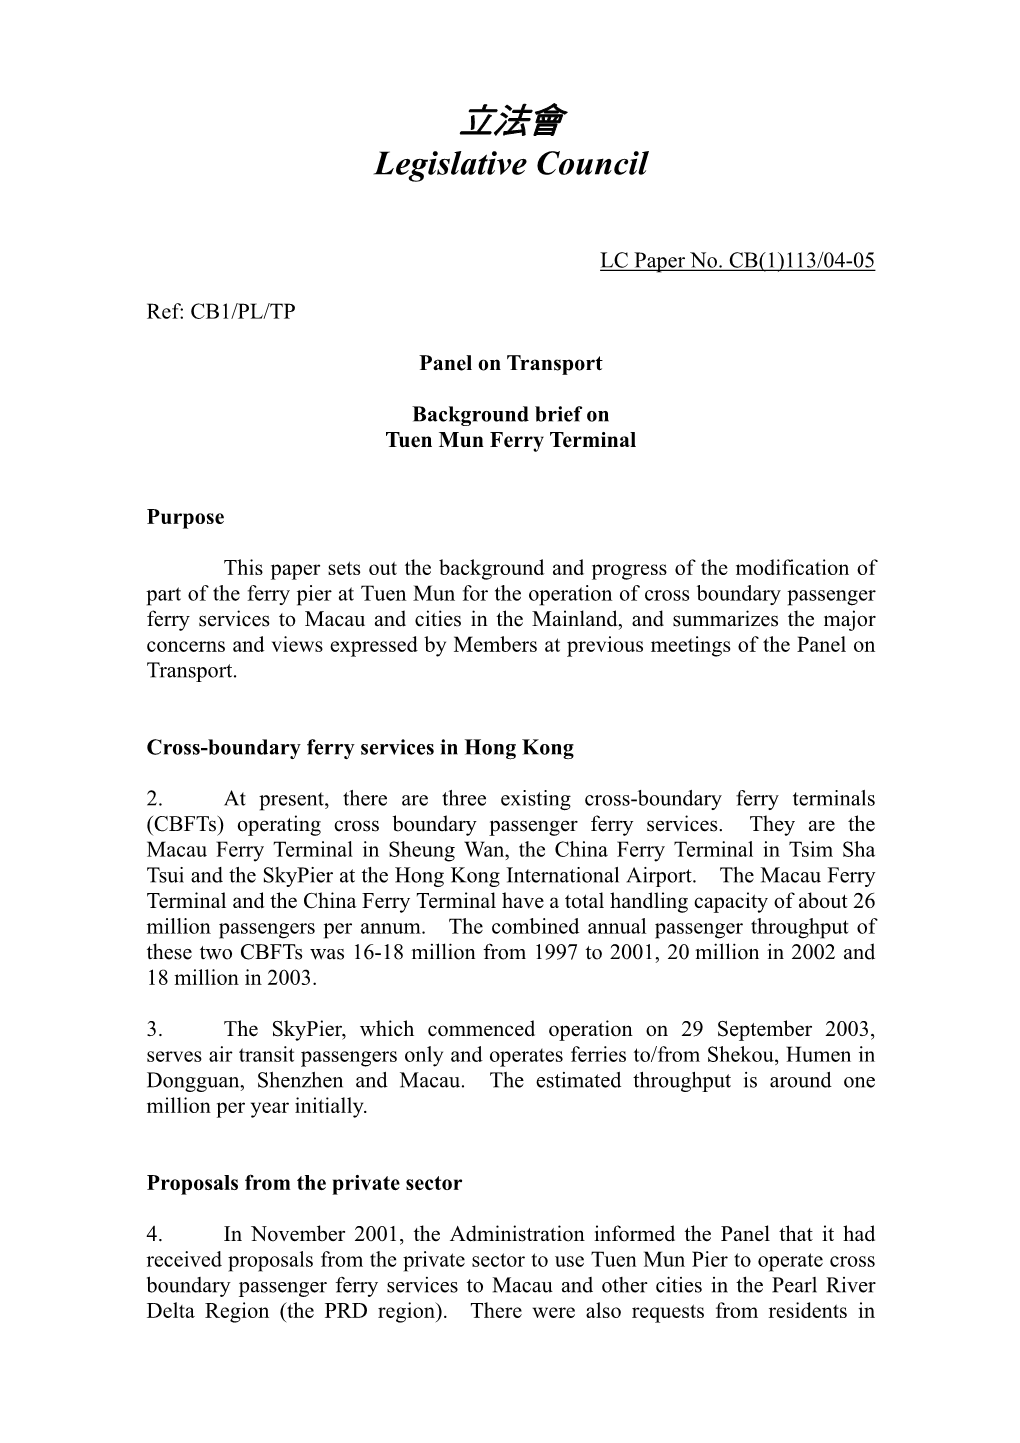 Background Brief on Tuen Mun Ferry Terminal Prepared by The
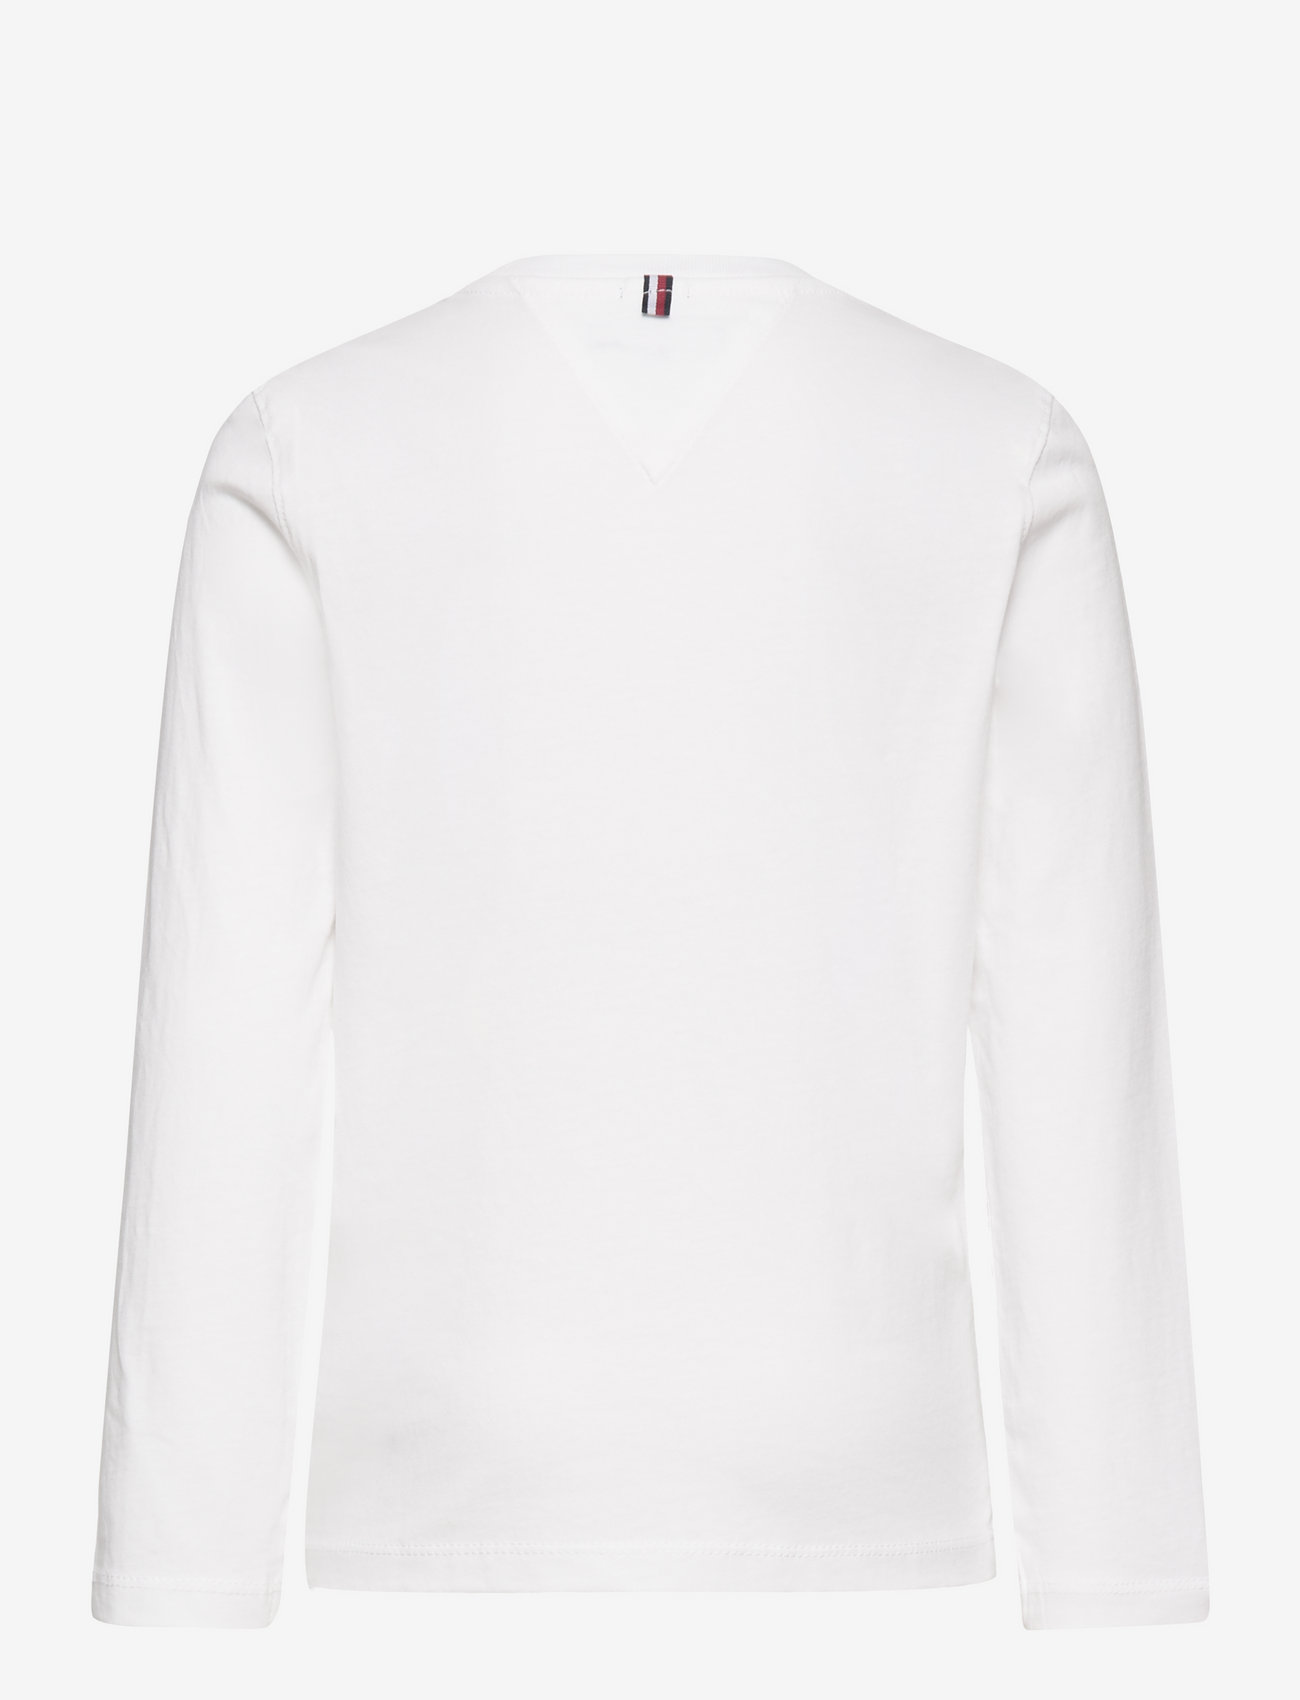 Tommy Hilfiger - BOYS BASIC CN KNIT L/S - plain long-sleeved t-shirt - bright white - 1
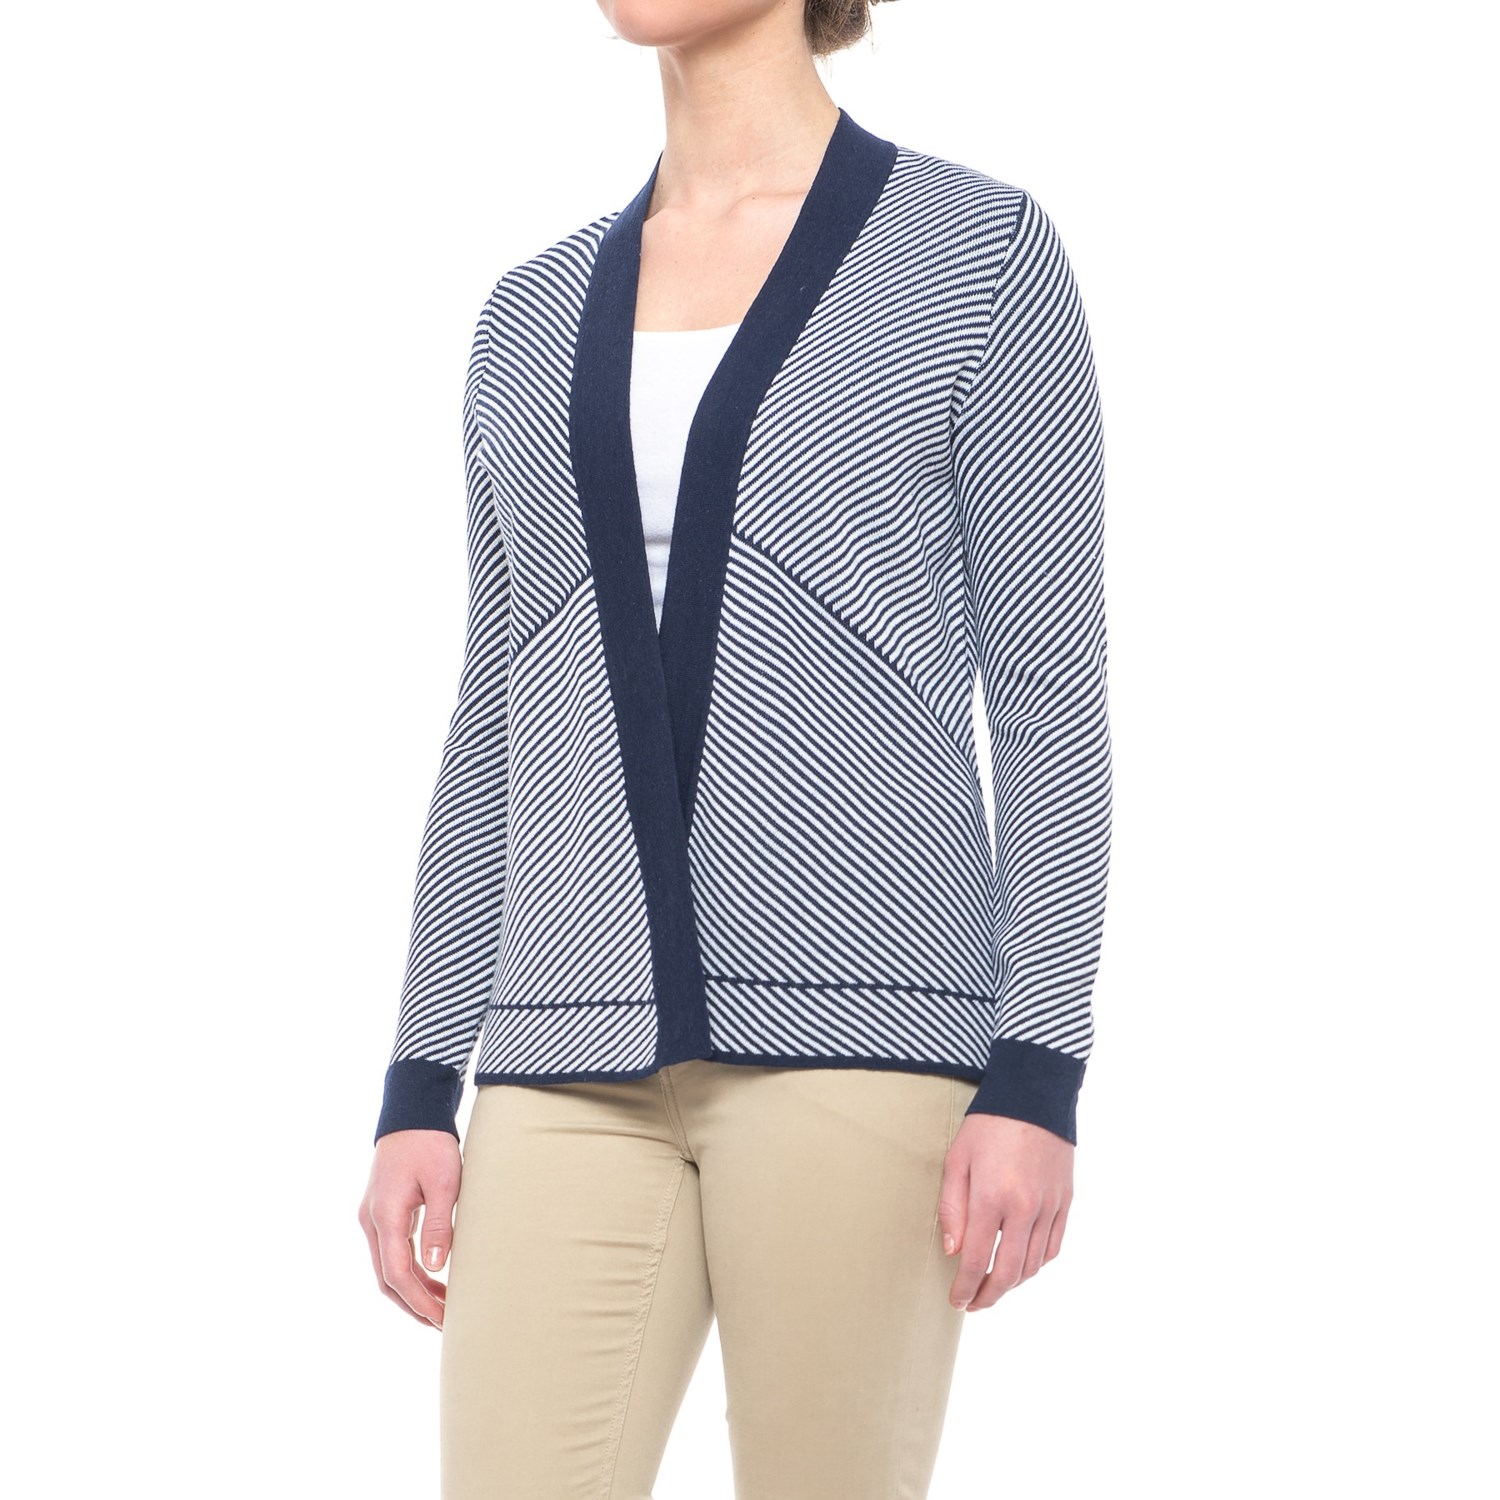 Foxcroft Daphne Cardigan Sweater (For Women) - Save 63%
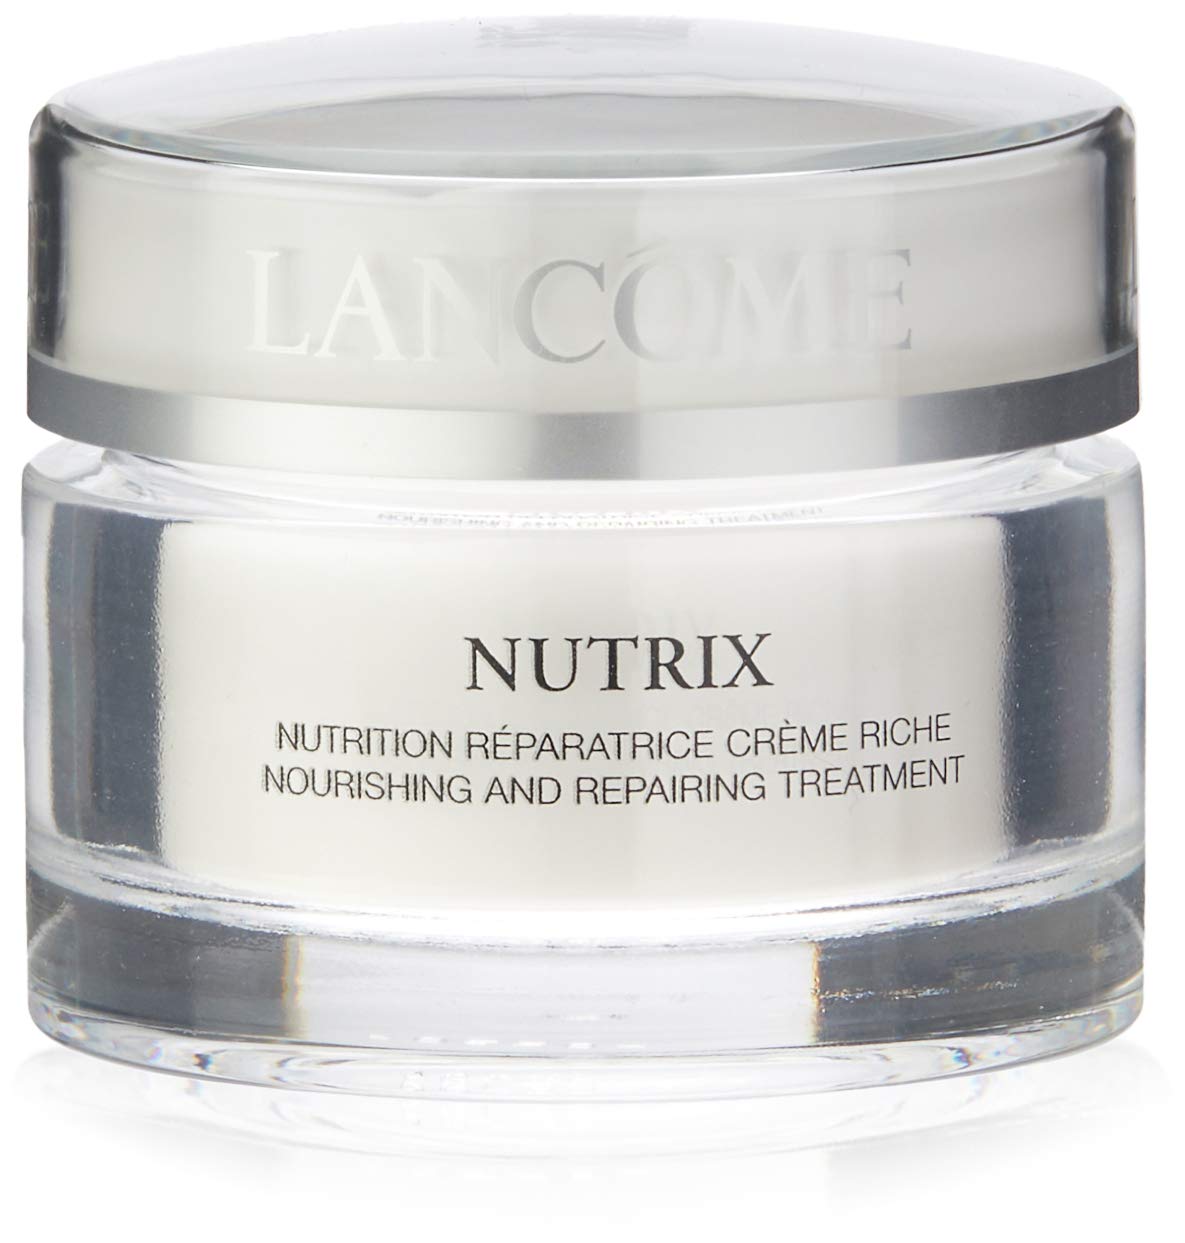 Lancome Nutrix Cream Conditioner Pack of 1 x 0.05 L)
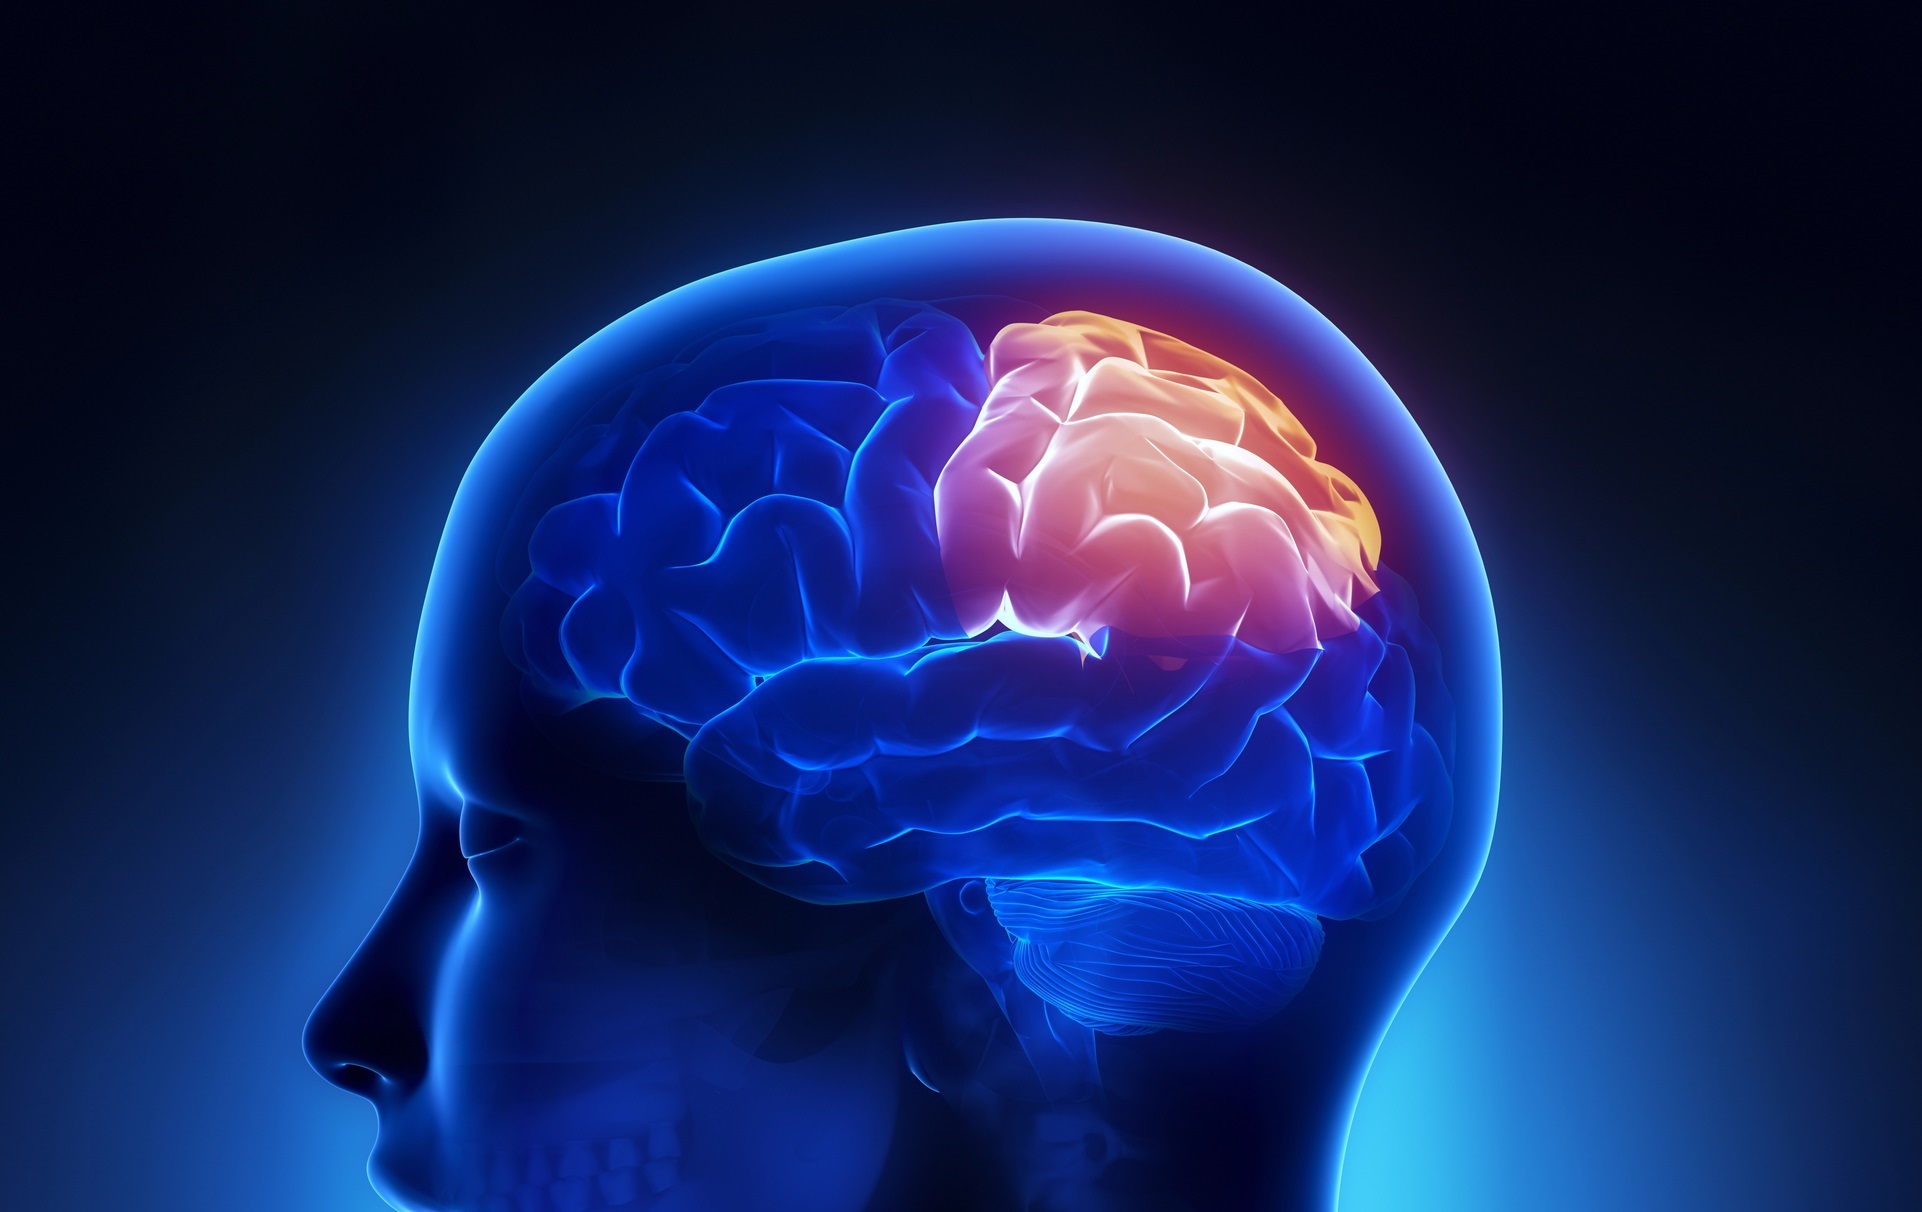 Dr John Kershner | Understanding the Causes and Brain Mechanisms Behind Dyslexia

• **THE PROBLEM**: Please restate, word for word, the lines from the one with "Foxcroft Daphne Cardigan" through the final line of the material, both included, and omit the pictures.

• **EXERCISE OUTPUT**:
 Foxcroft Daphne Cardigan Sweater (For Women) - Save 63%
 Lancome Nutrix Cream Conditioner Pack of 1 x 0.05 L)
 Dr John Kershner | Understanding the Causes and Brain Mechanisms Behind Dyslexia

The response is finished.